Hadoop Modules(Hadoop 模块)

  • Hadoop Distributed File System (HDFS): A distributed file system that provides high-throughput access to application data.
    Hdfs:一种分布式文件系统,提供对应用程序数据的高吞吐量访问的分布式文件系统。
  • Hadoop YARN: A framework for job scheduling and cluster resource management.
    Yarn :提供集群的作业调度和资源管理服务
  • Hadoop MapReduce: A YARN-based system for parallel processing of large data sets.
    MapReduce:基于YARN的系统,用于并行处理大数据集。
  • Ambari: A web-based tool for provisioning, managing, and monitoring Apache Hadoop clusters which includes support for Hadoop HDFS, Hadoop MapReduce, Hive, HCatalog, HBase, ZooKeeper, Oozie, Pig and Sqoop. Ambari also provides a dashboard for viewing cluster health such as heatmaps and ability to view MapReduce, Pig and Hive applications visually alongwith features to diagnose their performance characteristics in a user-friendly manner.

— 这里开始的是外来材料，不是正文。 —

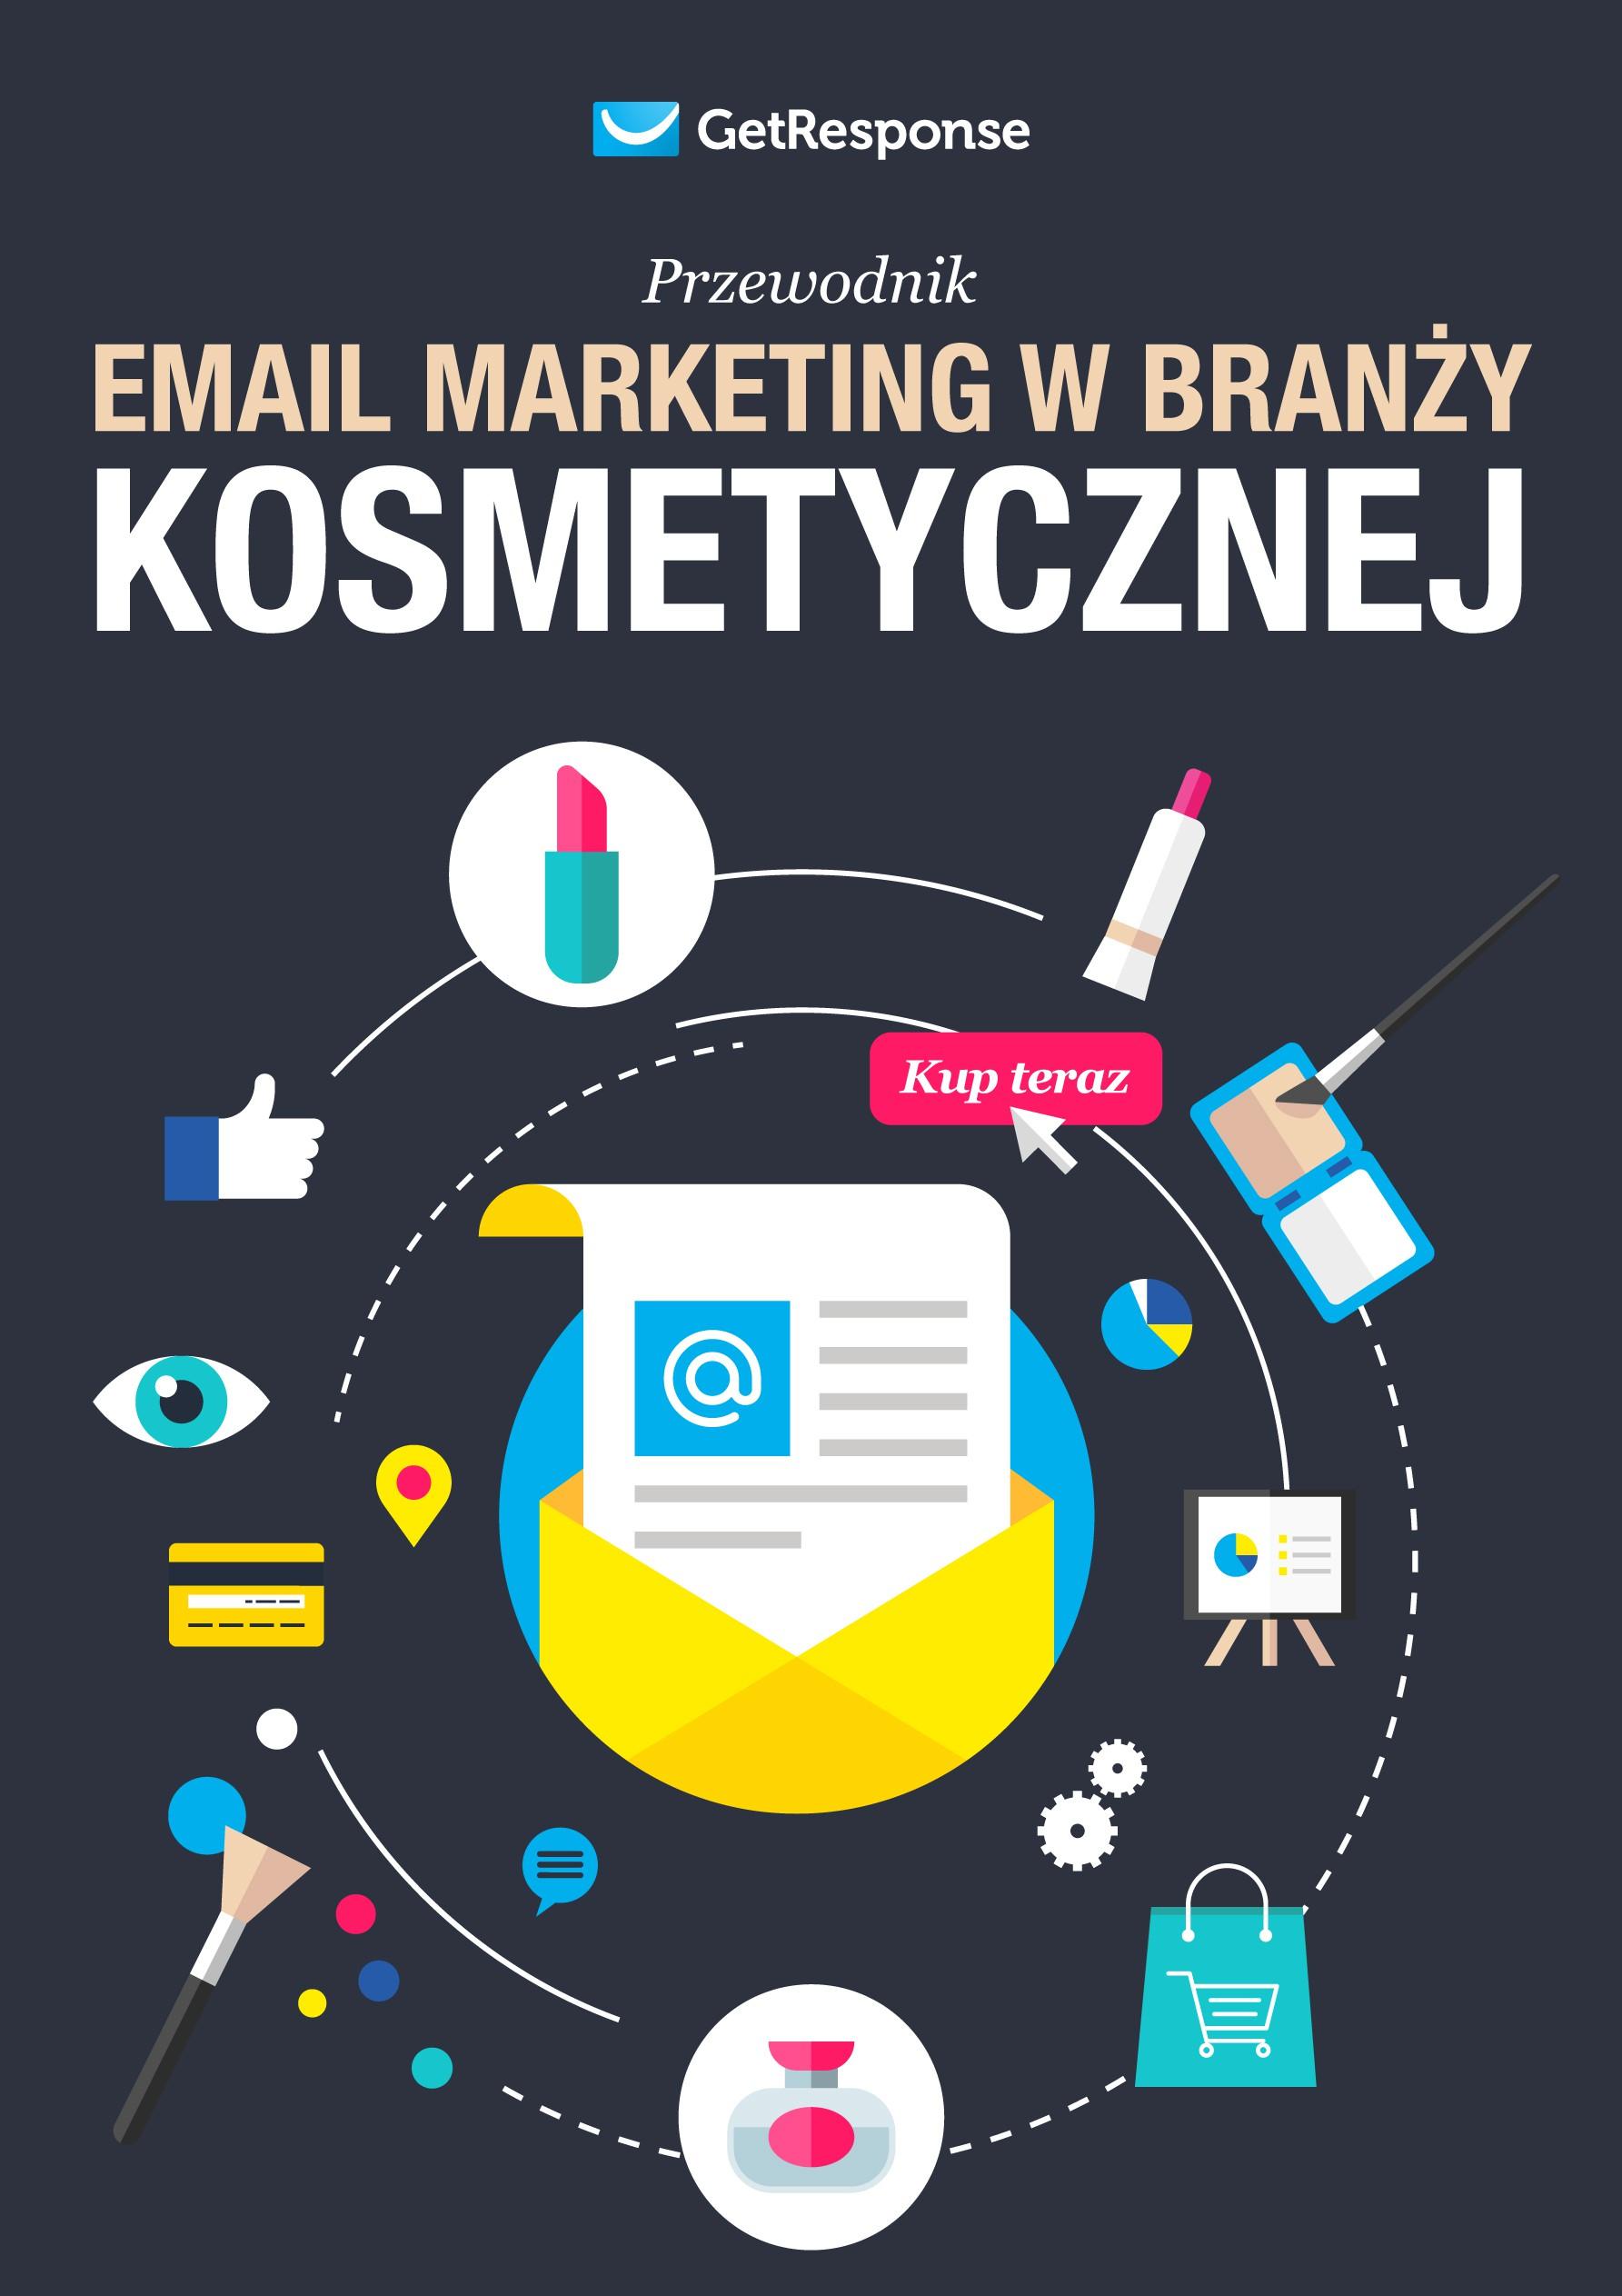 email marketing w branzy kosmetycznej

Amabri: 基于Web的工具,用于配置,管理和监视Apache Hadoop集群,其中包括对Hadoop HDFS,Hadoop MapReduce,Hive,HCatalog,HBase,ZooKeeper,Oozie,Pig和Sqoop的支持。Ambari还提供了一个仪表板,用于查看集群健康状况(例如热图)以及以可视方式查看MapReduce,Pig和Hive应用程序的功能,以及以用户友好的方式诊断其性能特征的功能。

  • HBase: A scalable, distributed database that supports structured data storage for large tables.
    HBase:可扩展的分布式数据库,支持大型表的结构化数据存储。
  • Hive: A data warehouse infrastructure that provides data summarization and ad hoc querying.
    Hive:一种数据仓库基础结构,可提供数据汇总和即席查询。
  • Spark: A fast and general compute engine for Hadoop data. Spark provides a simple and expressive programming model that supports a wide range of applications, including ETL, machine learning, stream processing, and graph computation.

Spark: 一种用于Hadoop数据的快速通用计算引擎。Spark提供了一个简单而富于表现力的编程模型,该模型支持广泛的应用程序,包括ETL,机器学习,流处理和图形计算。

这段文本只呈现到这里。